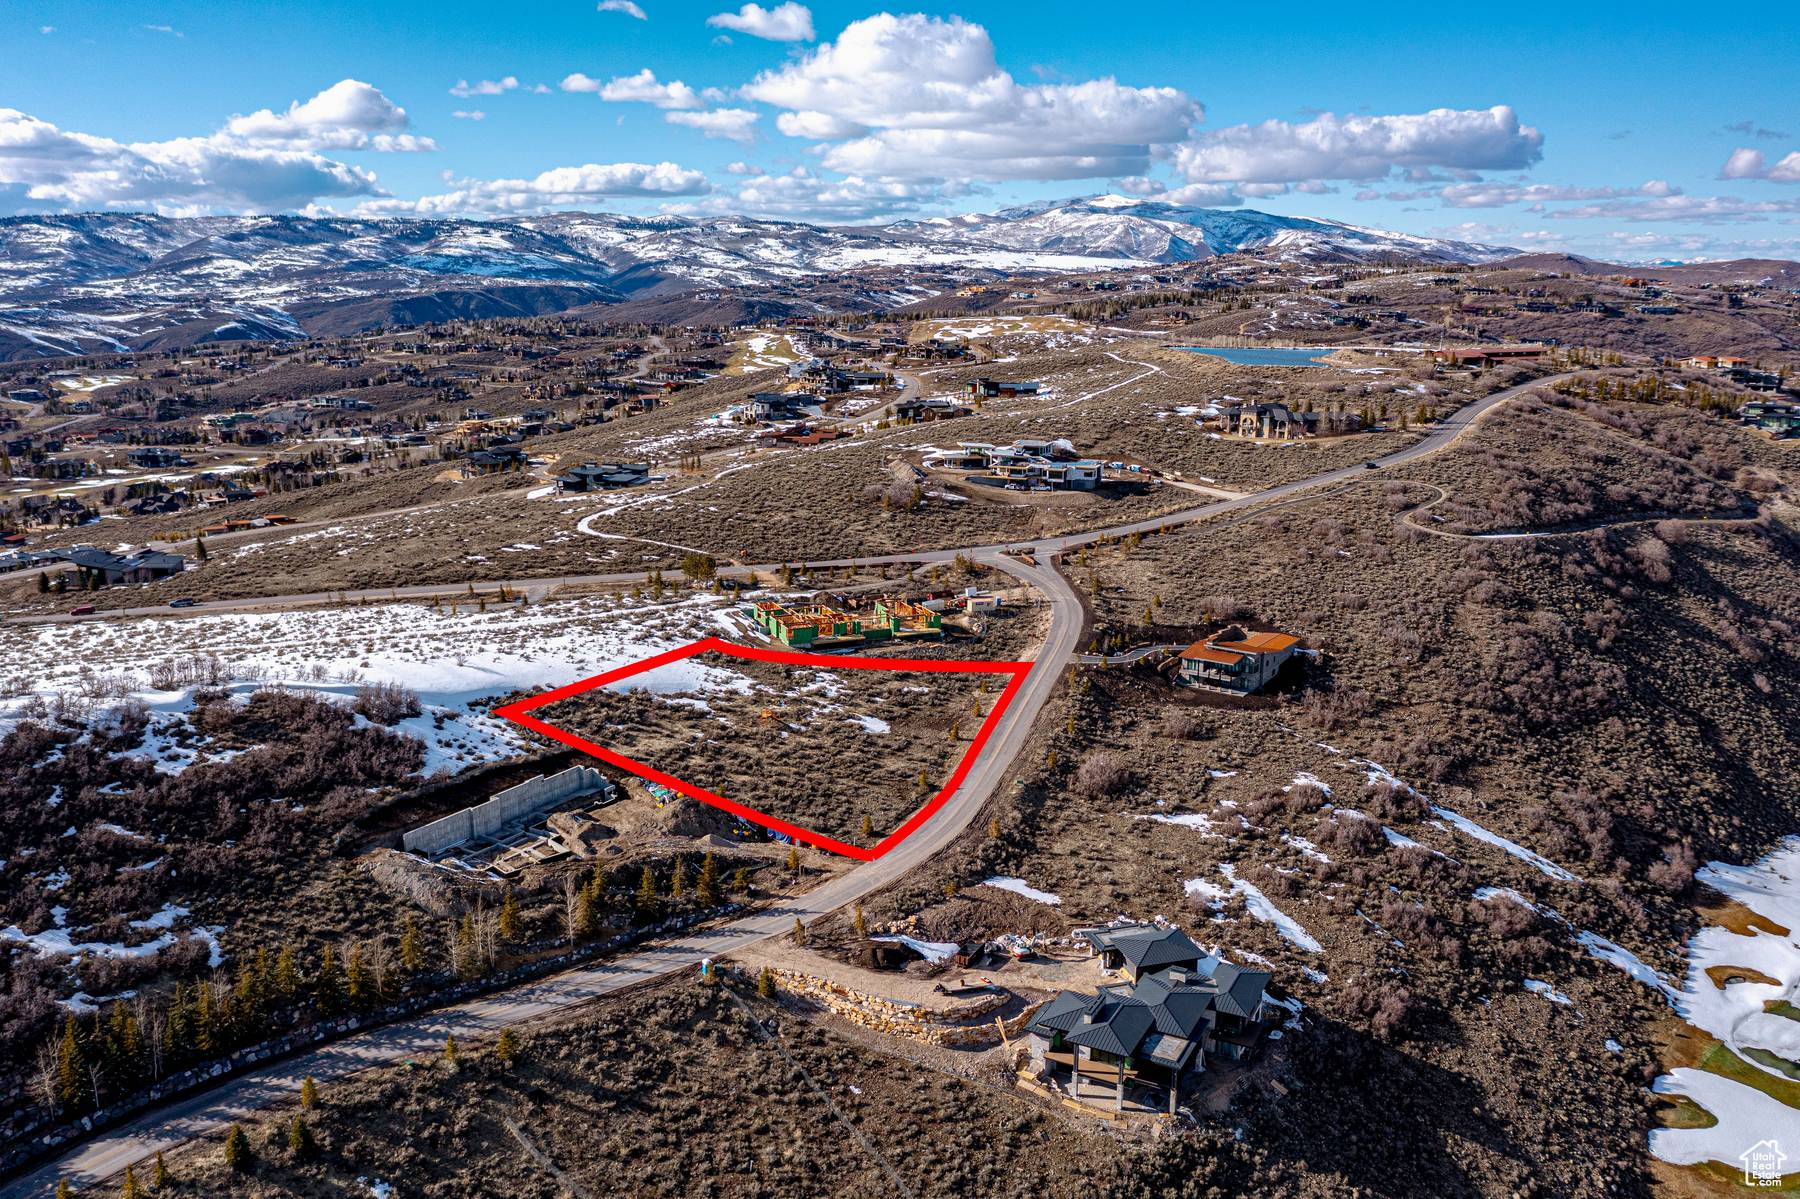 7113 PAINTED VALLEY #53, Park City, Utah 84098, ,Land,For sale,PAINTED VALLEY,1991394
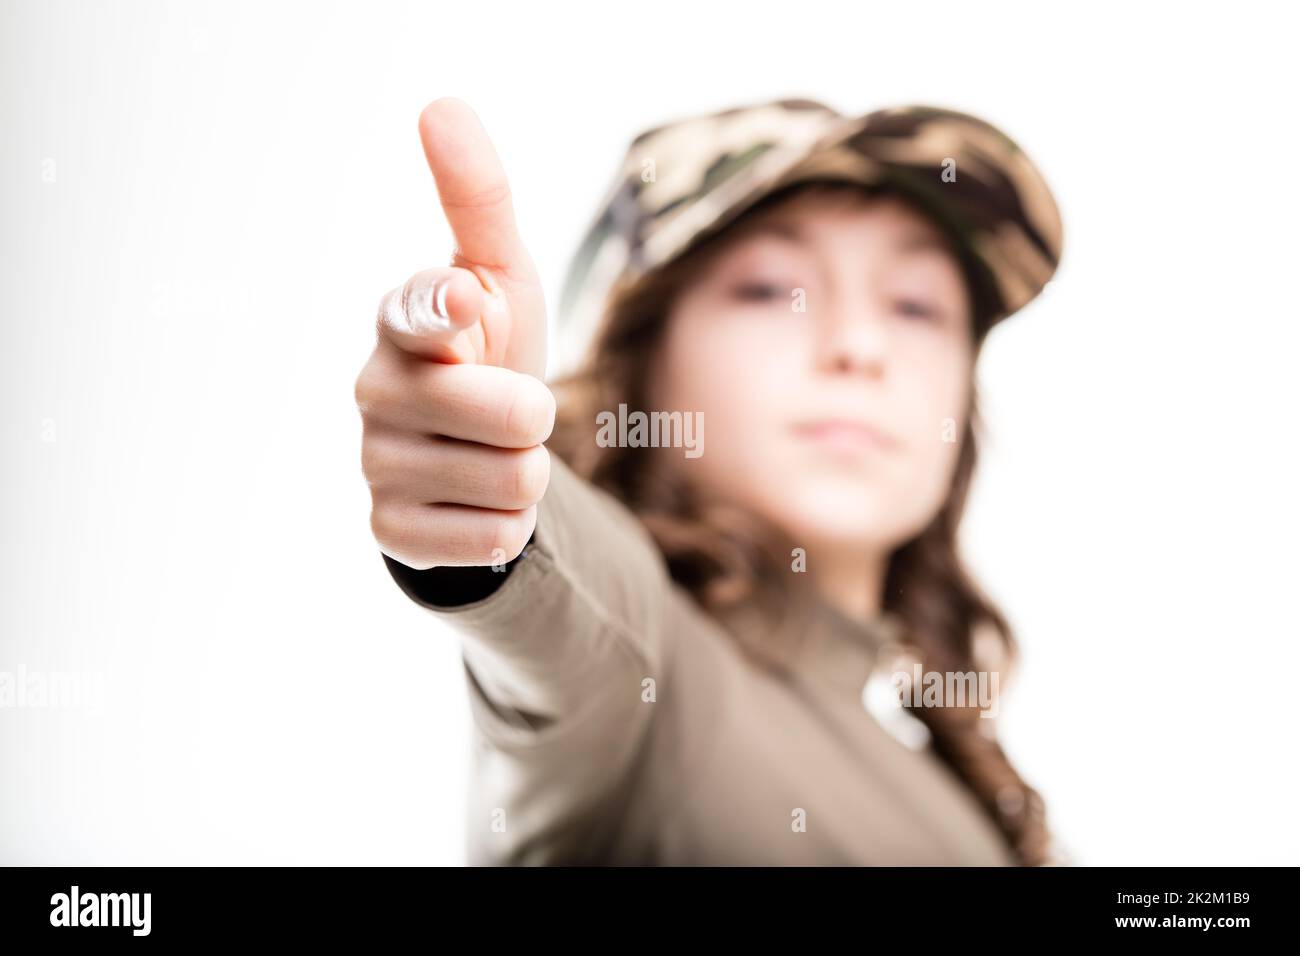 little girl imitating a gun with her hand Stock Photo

==

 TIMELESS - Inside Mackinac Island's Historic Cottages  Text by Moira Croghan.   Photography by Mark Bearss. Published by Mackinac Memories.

==

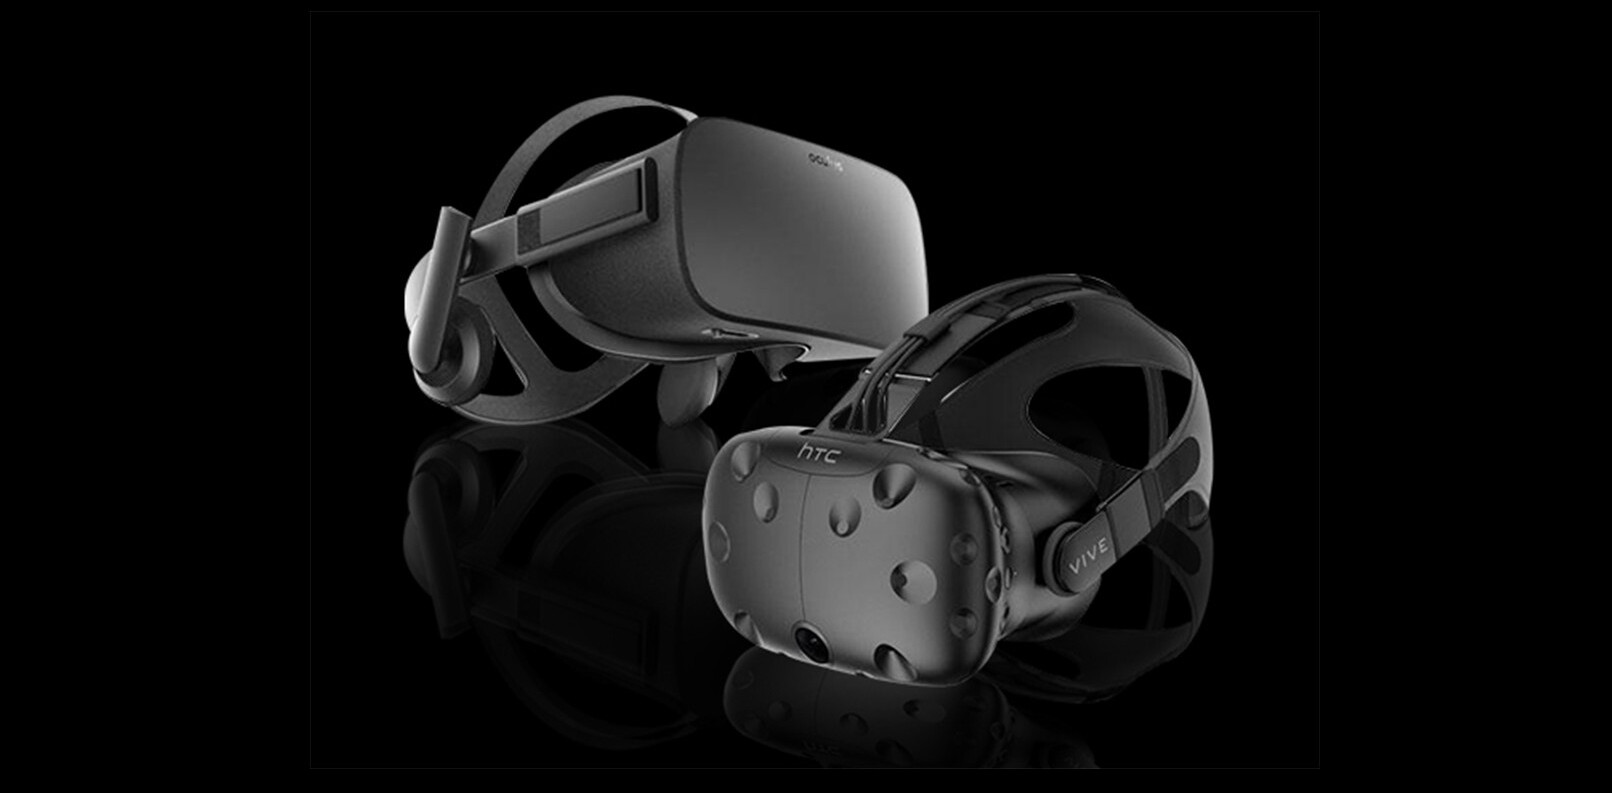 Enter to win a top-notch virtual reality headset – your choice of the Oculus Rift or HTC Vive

[EXERCISE BRIEF] Each line above starting at the one holding "7113 PAINTED VALLEY" and ending at the one holding "little girl imitating" should be set down exactly as it stands, both ends included, with no pictures.

[COMPLETED TASK]
 7113 PAINTED VALLEY #53, Park City, Utah 84098, ,Land,For sale,PAINTED VALLEY,1991394
 little girl imitating a gun with her hand Stock Photo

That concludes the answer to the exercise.